В XIX веке общины мормонов в Юте и Неваде жили в полигамии (многожёнство), согласно канонам своей религии, тогда как всего в нескольких сотнях километров жители Калифорнии жили в моногамии (единобрачие), по канонам своей религии, – сильно ли у них отличалась "объективная необходимость"? Аналогичная картина характерна и для околосредиземноморских районов, где моногамные христианские общества соседствуют с полигамными исламскими, хотя и те, и другие имеют полностью сходные экономические и экологические характеристики (Коротаев, 2003, с. 177).

Культура. Социальные установки и предписания. Вот в чём всё дело.

Культура имеет значение.
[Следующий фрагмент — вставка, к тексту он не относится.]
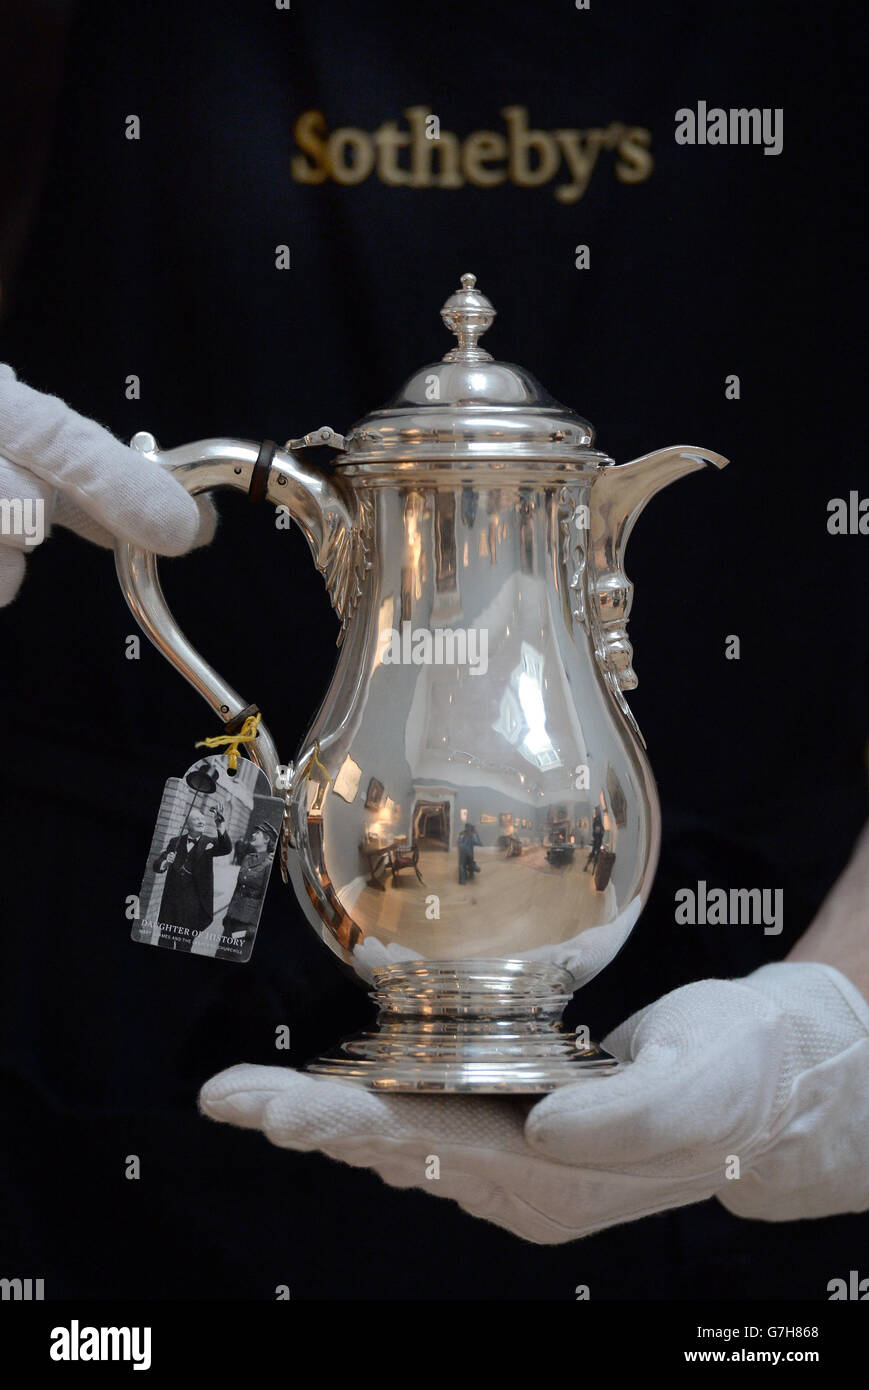 The War Cabinet Jug by Comyms & Son 1942 is displayed during the press viewing of Daughter of History, Mary Soames and the Legacy of Churchill at Sotheby's auction house, London. PRESS ASSOCIATION Photo Picture date: Friday December 12, 2014. Charting Lady Soames' life, the collection chronicles historical moments of the 20th Century, while also presenting an intimate portrait of Winston Churchill and his family. Photo credit should read: Anthony Devlin/PA Wire Stock Photo

И ещё какое.

Главный ориентир – Другие

Безусловно, главным ориентиром для человека выступают Другие, их поведение. Человеку необходимо видеть, как живут другие, чтобы знать, как жить самому. Потребляя знания о жизни других, человек сопоставляет с ними себя и за счёт этого углубляет некоторые свои общечеловеческие черты. Можно сказать, мы вычерпываем себя из того, что видим в других; наше поведение рождается вне нас.

Всякий жест, всякое действие человека несёт в себе след его культуры и понято может быть также только внутри неё – с учётом всех её ценностей, интересов, установок, норм и традиций. Выстраивать собственное поведение и ценности человек способен лишь с оглядкой на Других – ориентируясь на Других, он понимает, что хорошо, а что плохо, что имеет значение, а что – нет. В значительной степени и этим фактом обусловлена популярность соцсетей в XXI веке (особенно Instagram), где человек может наблюдать за жизнью других и периодически рапортовать о своём соответствии им, размещая аналогичные снимки-отчёты, количество лайков оказывается оценкой культуры себя самой, подтверждением соответствия ей.
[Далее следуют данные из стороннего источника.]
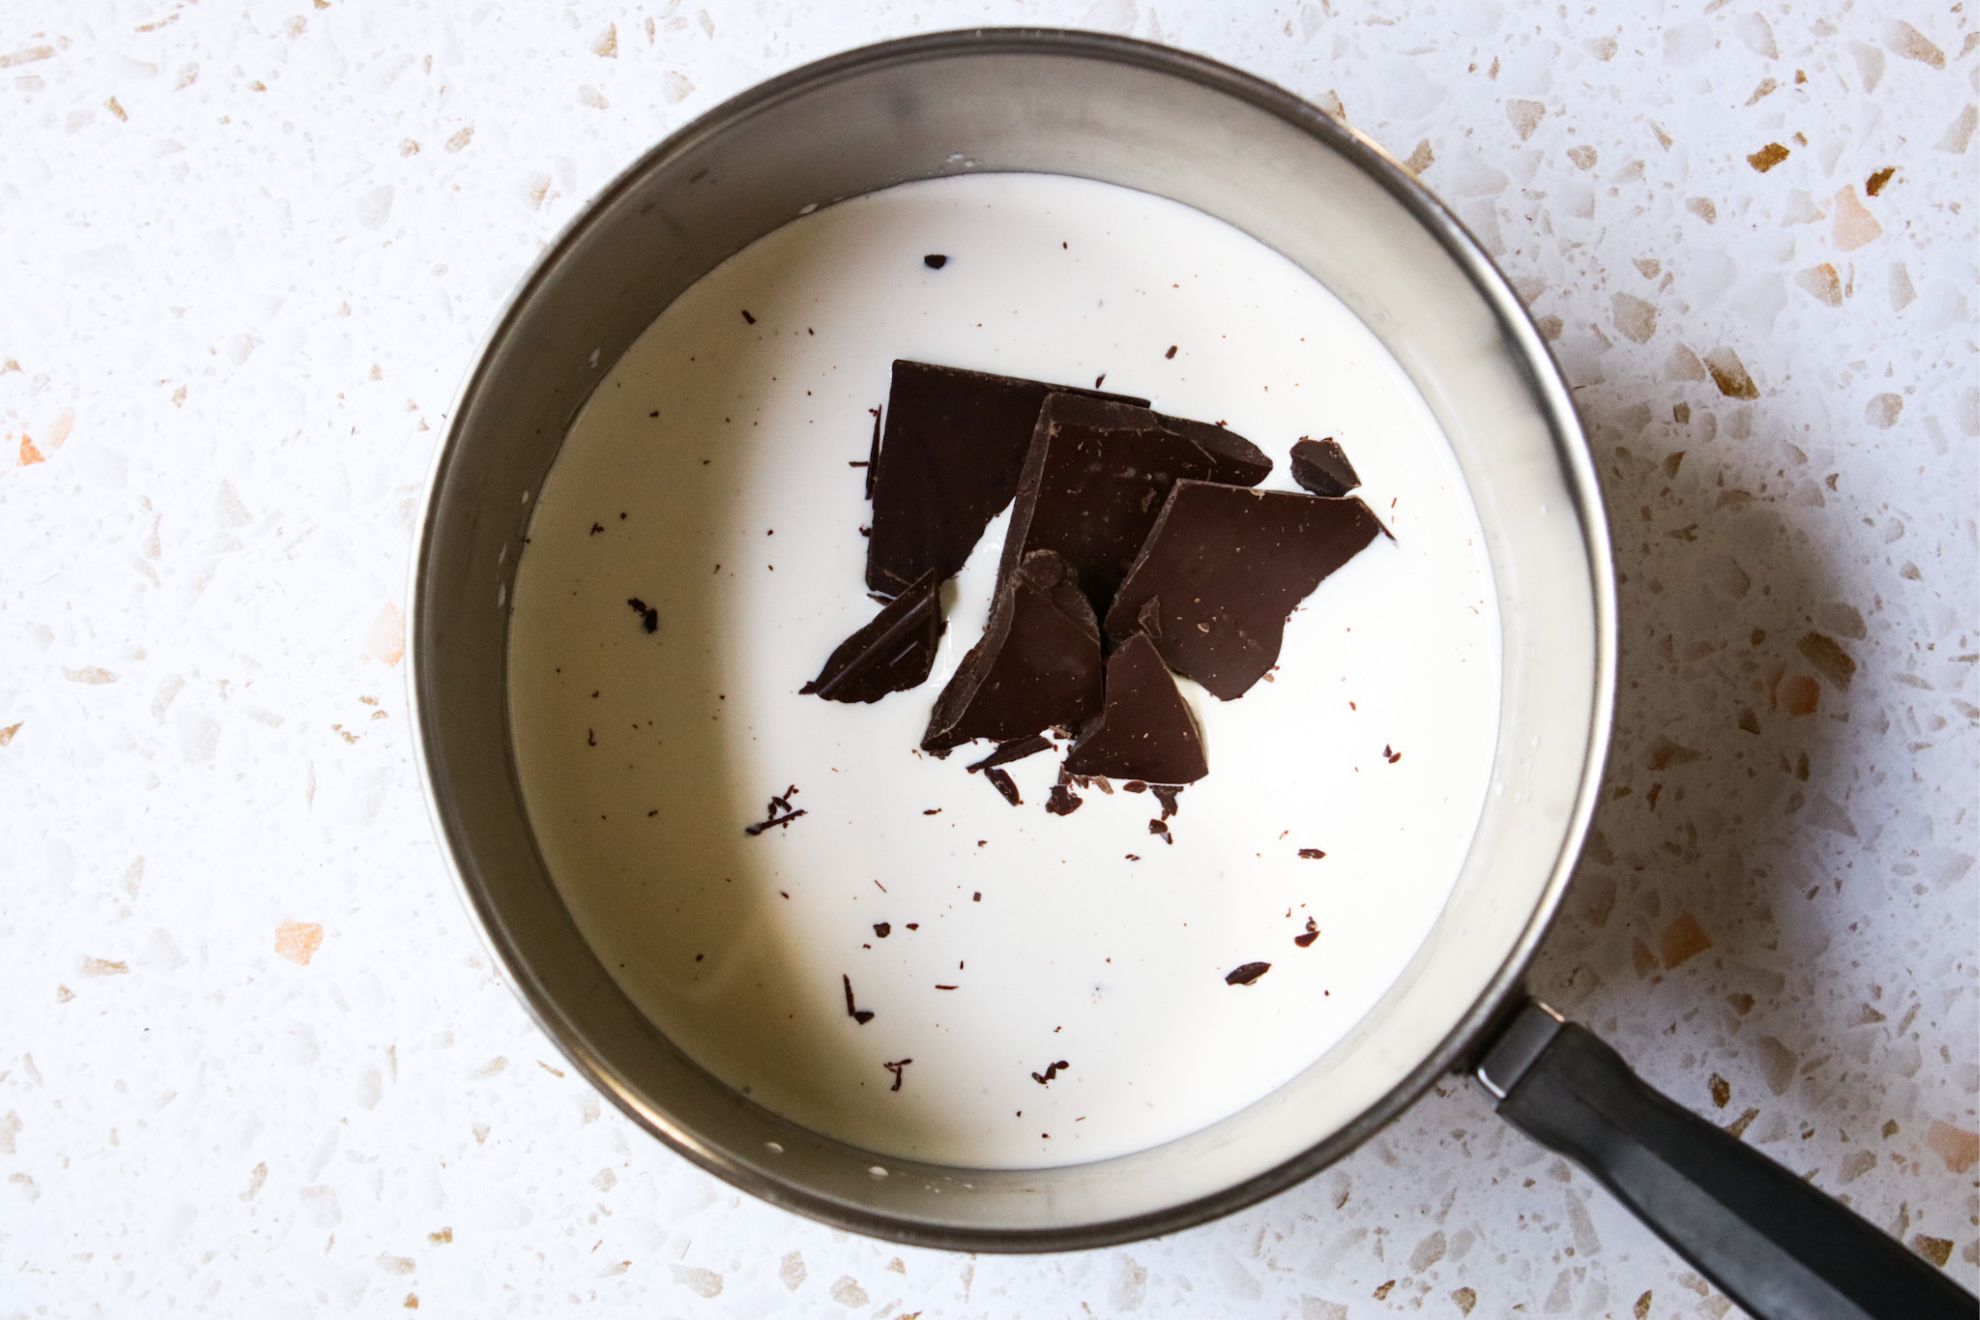 This is an overhead horizontal image of a stainless steel saucepan with milk and chocolate bar pieces in it. The pan sits on a white and tan terrazzo surface.

Роль ориентиров в жизни человека проявляется на всех уровнях: от физиологического до поведенческого – начиная с синхронизации сердцебиения у матери и плода, когда один организм ориентируется на другой (Van Leeuwen et al., 2009), через синхронизацию колебаний кресел-качалок, если люди видят друг друга (Richardson et al., 2007), и заканчивая такими сложными и массовыми явлениями, как престиж и мода, когда все стараются соотносить себя с остальными. Даже собственные эмоциональные реакции человек определяет через реакции Других: шутки, сопровождаемые закадровым смехом, ему действительно кажутся смешнее (Cai et al., 2019). Наша оценка привлекательности кого-либо зависит от того, как прежде его оценили другие (Klucharev et al., 2009). То есть в формировании нашей оценки участвует оценка окружающих. Это буквально означает, что нам нужен чужой взгляд на вещи, чтобы сформировать собственный.
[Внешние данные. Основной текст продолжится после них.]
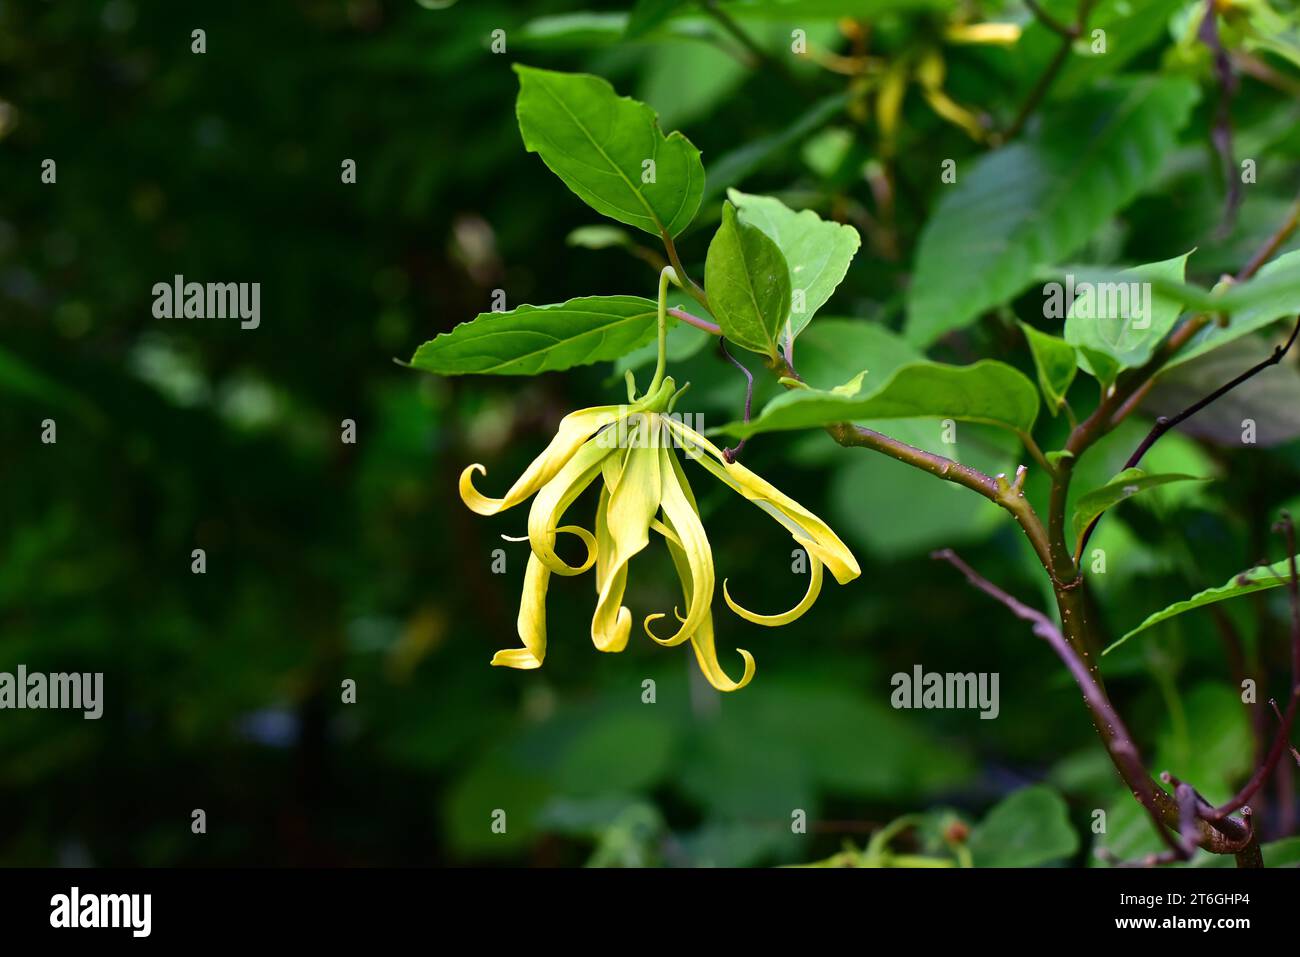 Cananga tree (Cananga odorata) is an evergreen tree native to tropical Asia. Its flowers named ylang-ylang are highly appreciated in perfumery. This p Stock Photo

Что интересно, глаза высших обезьян имеют гораздо менее выраженные белки, склера не такая белая, как у человека. Вероятно, это связано именно с тем, что в ходе эволюции человеческой социальности обращение взора собеседника приобретало всё большую значимость, так как выступало передатчиком внимания и смыслов и способствовало взаимопониманию и сплочённости. Гориллы и шимпанзе слабо ориентируются по направлению взора товарища и больше следят за поворотом его головы, тогда как для человека направление взора собеседника имеет огромное значение, и стало это возможным именно благодаря выраженным белкам глаз (Tomasello et al., 2007).

Роль ориентации на Других и неосознанного им подражания в жизни человека изучена наукой основательно (Обухова, Шаповаленко, 1994), и этот механизм оказывается одним из ключевых в деле социализации и формирования идентичности (Томаселло, 2011, с. 179). Младенцы входят в социальный мир через подражание, и делают они это даже активнее и точнее, чем шимпанзе (Фирсов, 1972, с. 81). Даже факт прямохождения ребёнка оказывается результатом подражания взрослым – ведь ребёнок, выращенный собаками, бегает на четвереньках (Ильенков, 1984, с. 334).

Конечно, перенимание ребёнком поведения взрослых происходит не слепо, а с учётом прочих возможных факторов, то есть в подражании есть непременная интеллектуальная составляющая. Когда 14-месячные дети видят, как взрослый выключает светильник путём нажатия кнопки лбом, то потом проделывают операцию аналогичным образом, но если же при выключении светильника лбом руки взрослого будут чем-либо заняты, то дети не скопируют действие, а выключат прибор рукой (Gergely et al., 2002). То есть, если какое-то необычное действие находит в понимании ребёнка объяснение, оно не имитируется, поскольку ему понятна его причина, и он может выбрать другие пути; имитируется же именно непонятое поведение. Если взрослый делает нечто, причин чего не видно, ребёнку проще предположить, что причины такие есть, просто ему пока неизвестны, а потому лучше сделать, "как принято", "на всякий случай".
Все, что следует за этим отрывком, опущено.